_What is needed_:
A line belongs in the answer if it contains "Wool"; copy every such line from the entries below.
==== Dataset content ====
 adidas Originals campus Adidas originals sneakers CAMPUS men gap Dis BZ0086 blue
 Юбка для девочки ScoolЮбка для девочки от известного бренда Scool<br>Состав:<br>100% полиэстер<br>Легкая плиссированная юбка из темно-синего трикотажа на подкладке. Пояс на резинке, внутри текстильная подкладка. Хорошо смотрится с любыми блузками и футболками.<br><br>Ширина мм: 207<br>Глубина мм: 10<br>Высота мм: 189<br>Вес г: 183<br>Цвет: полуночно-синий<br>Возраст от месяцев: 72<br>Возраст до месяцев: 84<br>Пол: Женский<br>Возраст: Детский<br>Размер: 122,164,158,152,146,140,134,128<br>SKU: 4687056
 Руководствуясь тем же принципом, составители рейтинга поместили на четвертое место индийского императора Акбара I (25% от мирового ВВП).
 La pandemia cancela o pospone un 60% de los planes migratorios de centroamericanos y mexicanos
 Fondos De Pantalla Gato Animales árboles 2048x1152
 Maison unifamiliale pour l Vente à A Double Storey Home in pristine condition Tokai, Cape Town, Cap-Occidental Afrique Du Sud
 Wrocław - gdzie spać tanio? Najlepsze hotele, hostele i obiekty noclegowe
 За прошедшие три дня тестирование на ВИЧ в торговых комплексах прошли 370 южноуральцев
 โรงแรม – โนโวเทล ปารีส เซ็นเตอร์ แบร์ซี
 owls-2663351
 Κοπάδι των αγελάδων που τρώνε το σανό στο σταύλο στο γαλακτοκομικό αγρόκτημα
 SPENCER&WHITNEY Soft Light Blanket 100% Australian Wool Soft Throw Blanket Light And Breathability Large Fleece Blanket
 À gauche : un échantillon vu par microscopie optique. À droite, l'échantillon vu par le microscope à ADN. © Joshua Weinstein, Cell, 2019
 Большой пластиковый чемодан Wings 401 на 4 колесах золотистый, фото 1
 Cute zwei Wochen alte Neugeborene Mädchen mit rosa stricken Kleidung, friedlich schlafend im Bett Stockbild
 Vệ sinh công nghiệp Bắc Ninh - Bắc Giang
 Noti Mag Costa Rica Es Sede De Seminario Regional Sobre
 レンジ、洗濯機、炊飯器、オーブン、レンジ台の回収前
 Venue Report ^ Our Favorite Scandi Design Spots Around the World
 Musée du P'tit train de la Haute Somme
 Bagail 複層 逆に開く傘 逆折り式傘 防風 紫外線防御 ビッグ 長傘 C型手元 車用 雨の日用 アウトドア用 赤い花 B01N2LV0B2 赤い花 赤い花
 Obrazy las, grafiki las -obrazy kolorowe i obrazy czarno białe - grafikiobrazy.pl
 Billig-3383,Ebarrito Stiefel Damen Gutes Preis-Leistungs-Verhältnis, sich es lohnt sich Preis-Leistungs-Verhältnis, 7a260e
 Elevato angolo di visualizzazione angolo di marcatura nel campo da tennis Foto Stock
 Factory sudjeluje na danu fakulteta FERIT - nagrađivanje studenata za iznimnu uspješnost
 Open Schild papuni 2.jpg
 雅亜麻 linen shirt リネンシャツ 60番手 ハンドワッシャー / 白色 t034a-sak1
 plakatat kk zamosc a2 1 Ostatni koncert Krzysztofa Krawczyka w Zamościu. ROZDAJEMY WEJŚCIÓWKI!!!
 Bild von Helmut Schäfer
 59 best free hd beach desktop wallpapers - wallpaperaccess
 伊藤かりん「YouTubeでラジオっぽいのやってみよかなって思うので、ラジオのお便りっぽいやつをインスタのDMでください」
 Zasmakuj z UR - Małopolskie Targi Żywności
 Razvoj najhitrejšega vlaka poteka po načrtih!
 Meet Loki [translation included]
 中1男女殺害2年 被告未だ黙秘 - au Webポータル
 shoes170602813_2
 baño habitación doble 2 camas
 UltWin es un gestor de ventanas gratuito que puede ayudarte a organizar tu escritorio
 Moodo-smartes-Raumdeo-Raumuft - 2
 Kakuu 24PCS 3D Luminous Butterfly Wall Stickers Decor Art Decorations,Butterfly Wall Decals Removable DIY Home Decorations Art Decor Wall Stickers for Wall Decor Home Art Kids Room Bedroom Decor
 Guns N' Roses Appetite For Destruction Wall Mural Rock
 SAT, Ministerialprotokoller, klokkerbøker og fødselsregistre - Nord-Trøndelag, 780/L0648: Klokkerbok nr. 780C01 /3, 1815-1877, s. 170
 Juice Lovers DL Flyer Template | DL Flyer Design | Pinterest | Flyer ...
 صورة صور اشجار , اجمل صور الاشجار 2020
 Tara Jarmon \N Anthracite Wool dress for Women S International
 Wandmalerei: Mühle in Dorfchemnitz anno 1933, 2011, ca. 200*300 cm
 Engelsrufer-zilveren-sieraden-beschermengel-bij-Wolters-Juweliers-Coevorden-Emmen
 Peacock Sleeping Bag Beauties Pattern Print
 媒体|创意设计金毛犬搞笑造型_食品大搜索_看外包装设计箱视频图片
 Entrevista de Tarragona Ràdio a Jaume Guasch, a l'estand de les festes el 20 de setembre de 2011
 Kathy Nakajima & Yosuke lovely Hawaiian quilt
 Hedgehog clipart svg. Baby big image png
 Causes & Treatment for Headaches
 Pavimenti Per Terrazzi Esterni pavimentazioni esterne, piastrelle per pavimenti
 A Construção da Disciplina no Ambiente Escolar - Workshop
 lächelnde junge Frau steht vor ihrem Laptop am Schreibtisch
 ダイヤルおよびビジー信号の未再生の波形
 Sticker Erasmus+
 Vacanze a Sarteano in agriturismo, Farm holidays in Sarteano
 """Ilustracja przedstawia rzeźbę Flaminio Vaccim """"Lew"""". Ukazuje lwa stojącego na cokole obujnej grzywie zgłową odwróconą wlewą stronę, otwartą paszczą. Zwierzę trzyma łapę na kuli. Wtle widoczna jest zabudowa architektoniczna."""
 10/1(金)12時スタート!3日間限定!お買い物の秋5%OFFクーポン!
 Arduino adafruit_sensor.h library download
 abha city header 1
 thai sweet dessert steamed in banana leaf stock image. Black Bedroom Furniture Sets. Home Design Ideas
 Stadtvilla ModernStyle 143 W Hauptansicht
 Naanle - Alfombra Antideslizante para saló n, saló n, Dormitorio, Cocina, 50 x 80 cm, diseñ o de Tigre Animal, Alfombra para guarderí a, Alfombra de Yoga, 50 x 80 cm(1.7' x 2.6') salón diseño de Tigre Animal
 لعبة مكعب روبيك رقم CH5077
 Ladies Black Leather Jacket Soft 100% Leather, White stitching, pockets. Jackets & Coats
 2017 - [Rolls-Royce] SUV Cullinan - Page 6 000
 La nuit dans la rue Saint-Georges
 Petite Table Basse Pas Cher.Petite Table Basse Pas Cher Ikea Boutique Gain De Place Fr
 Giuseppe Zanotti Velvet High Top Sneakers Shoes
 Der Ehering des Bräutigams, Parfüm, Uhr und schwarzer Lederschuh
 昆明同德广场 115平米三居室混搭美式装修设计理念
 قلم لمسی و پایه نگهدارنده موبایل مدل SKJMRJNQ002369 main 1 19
====
_Response for this exercise_:
 SPENCER&WHITNEY Soft Light Blanket 100% Australian Wool Soft Throw Blanket Light And Breathability Large Fleece Blanket
 Tara Jarmon \N Anthracite Wool dress for Women S International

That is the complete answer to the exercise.